What to produce:
Print every line from the start of the data, and when you reach the line with "Los Angeles, California, USA.", include it and stop. Pictures are not part of the copy.

Data section:
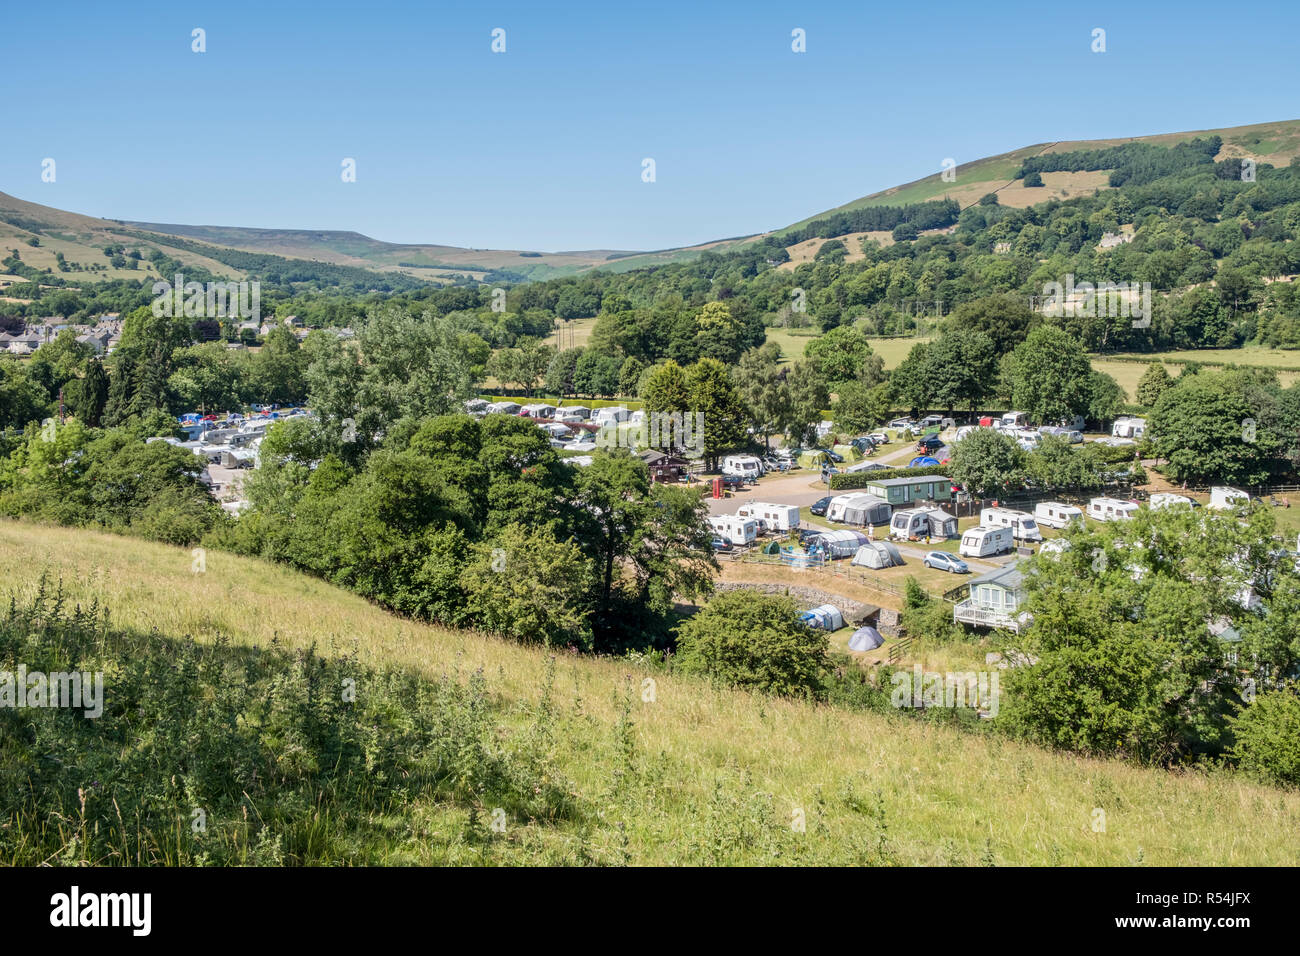 Caravan park in Summer with caravans among the hills and trees of the countryside near Hope, Derbyshire, Peak District National Park, England, UK Stock Photo
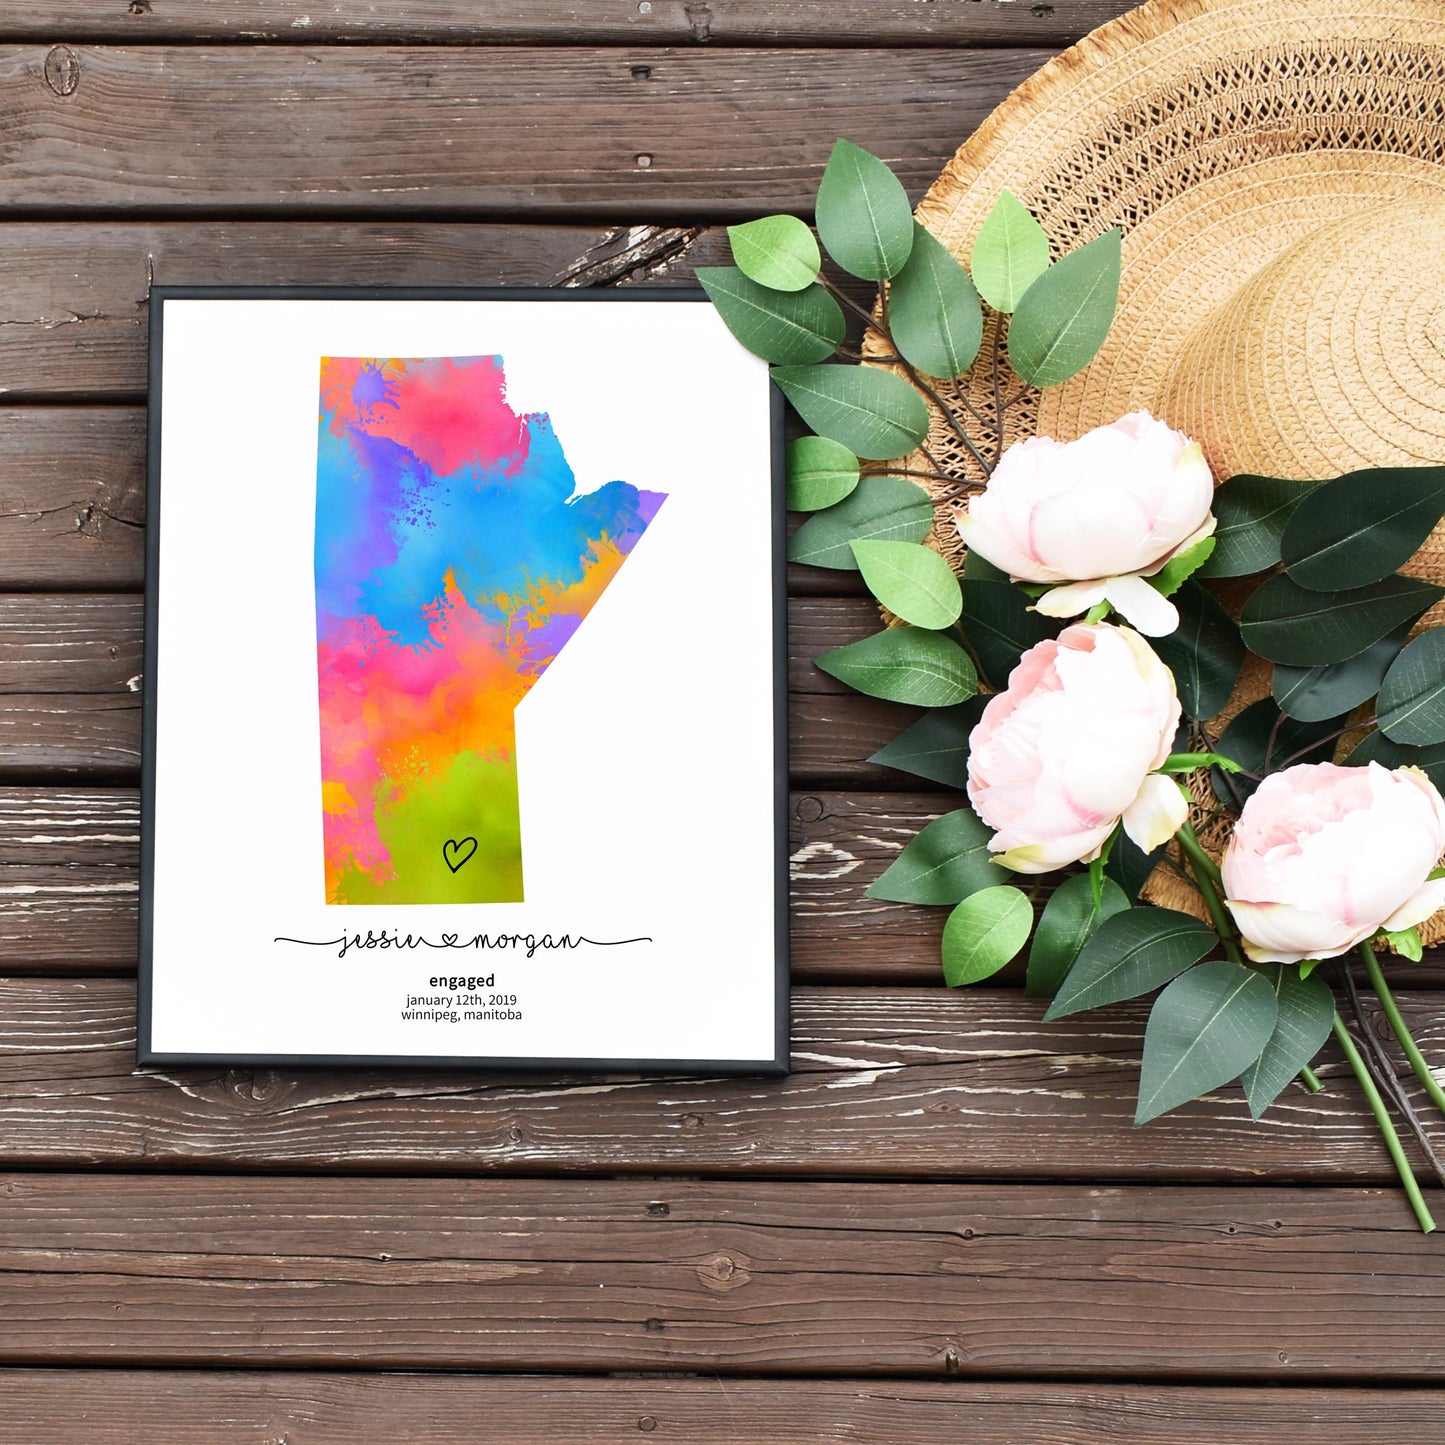 DIY Edit Yourself Manitoba Engagement Map Last Minute Wedding Gift on a Budget
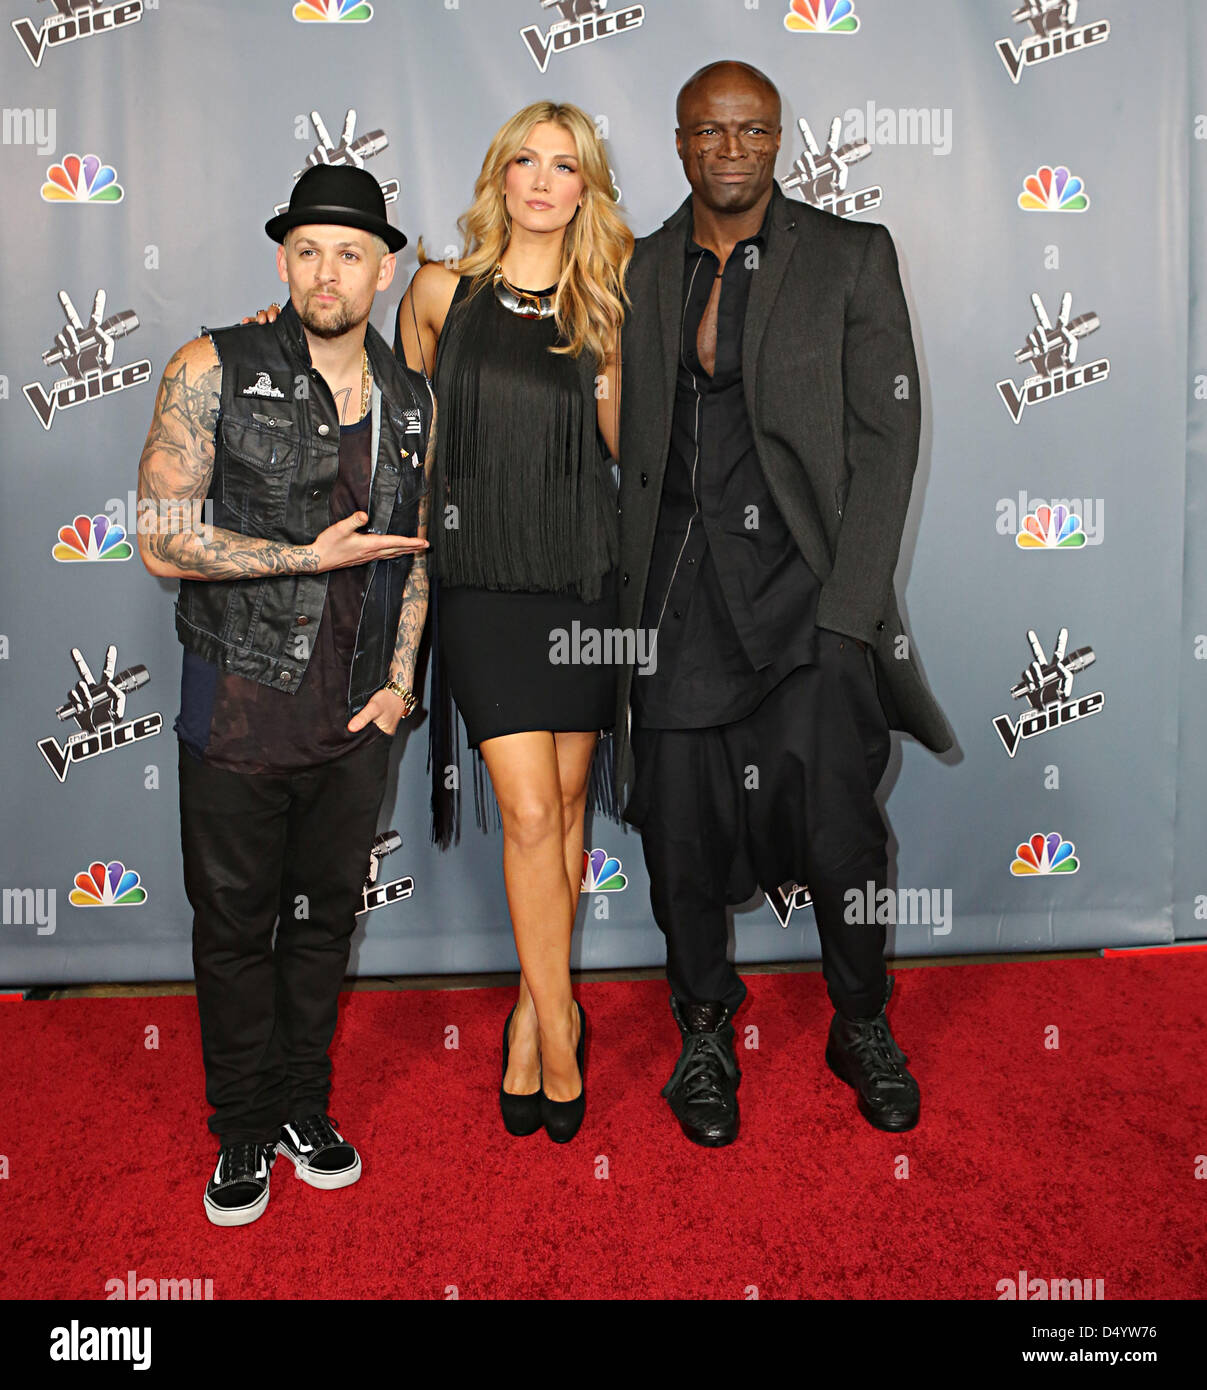 Los Angeles, California, USA. March 20, 2013. JOEL MADDEN DELTA GOODREM AND SEAL attend The Voice Season Four Premiere Credit Image: Credit:  Karen Curley/ZUMAPRESS.com/Alamy Live News Stock Photo
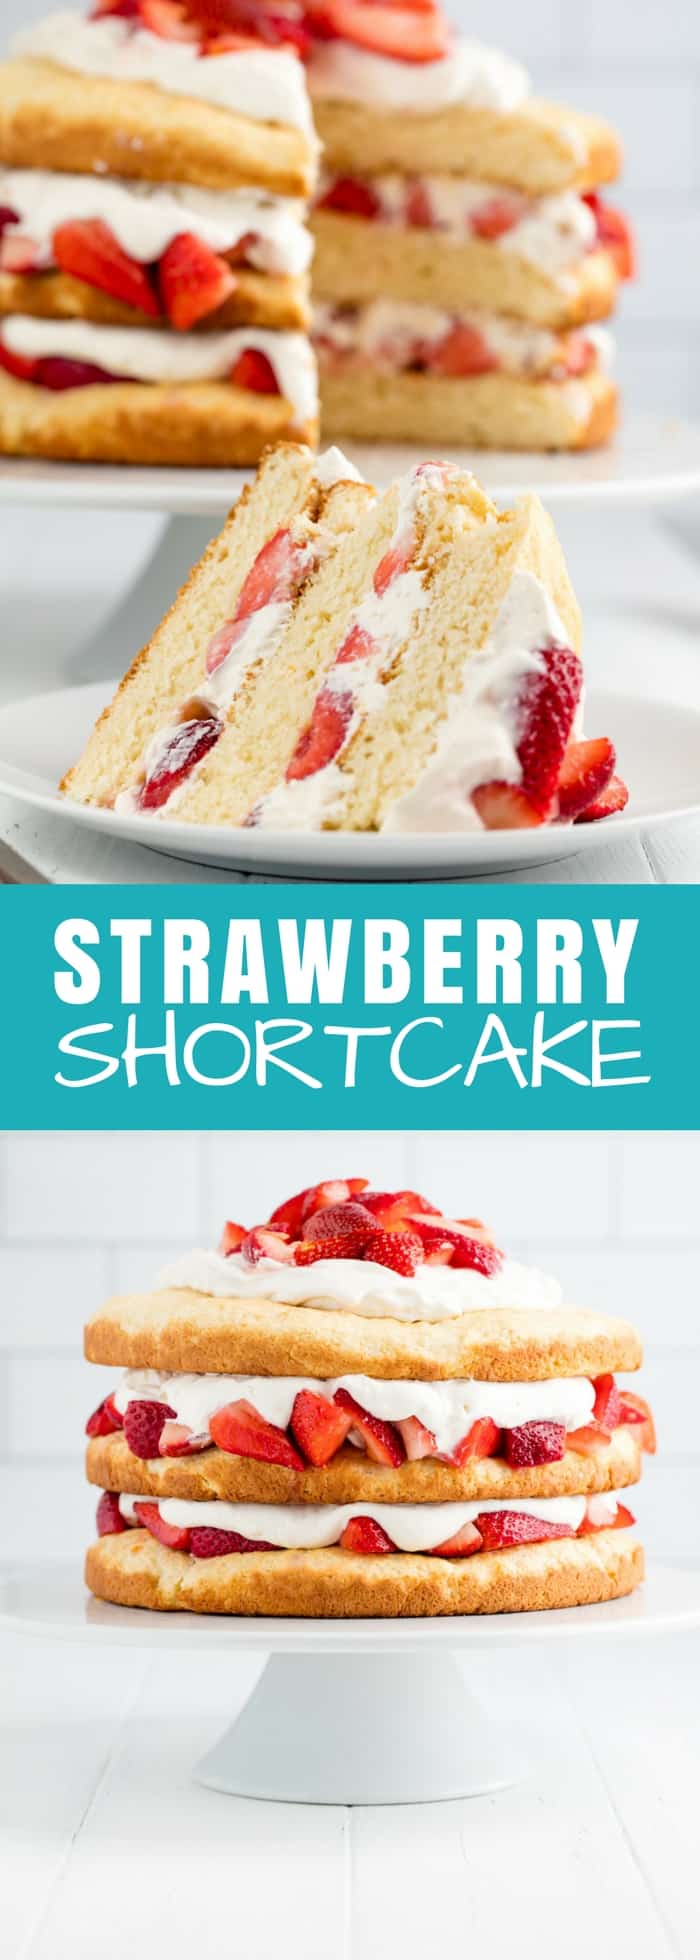 Strawberry Shortcake is a classic dessert that is perfect for spring and summer. This three layer strawberry dessert is not only beautiful, it's also delicious!

Expected answer:
 Caravan park in Summer with caravans among the hills and trees of the countryside near Hope, Derbyshire, Peak District National Park, England, UK Stock Photo
 DIY Edit Yourself Manitoba Engagement Map Last Minute Wedding Gift on a Budget
 Los Angeles, California, USA. March 20, 2013. JOEL MADDEN DELTA GOODREM AND SEAL attend The Voice Season Four Premiere Credit Image: Credit:  Karen Curley/ZUMAPRESS.com/Alamy Live News Stock Photo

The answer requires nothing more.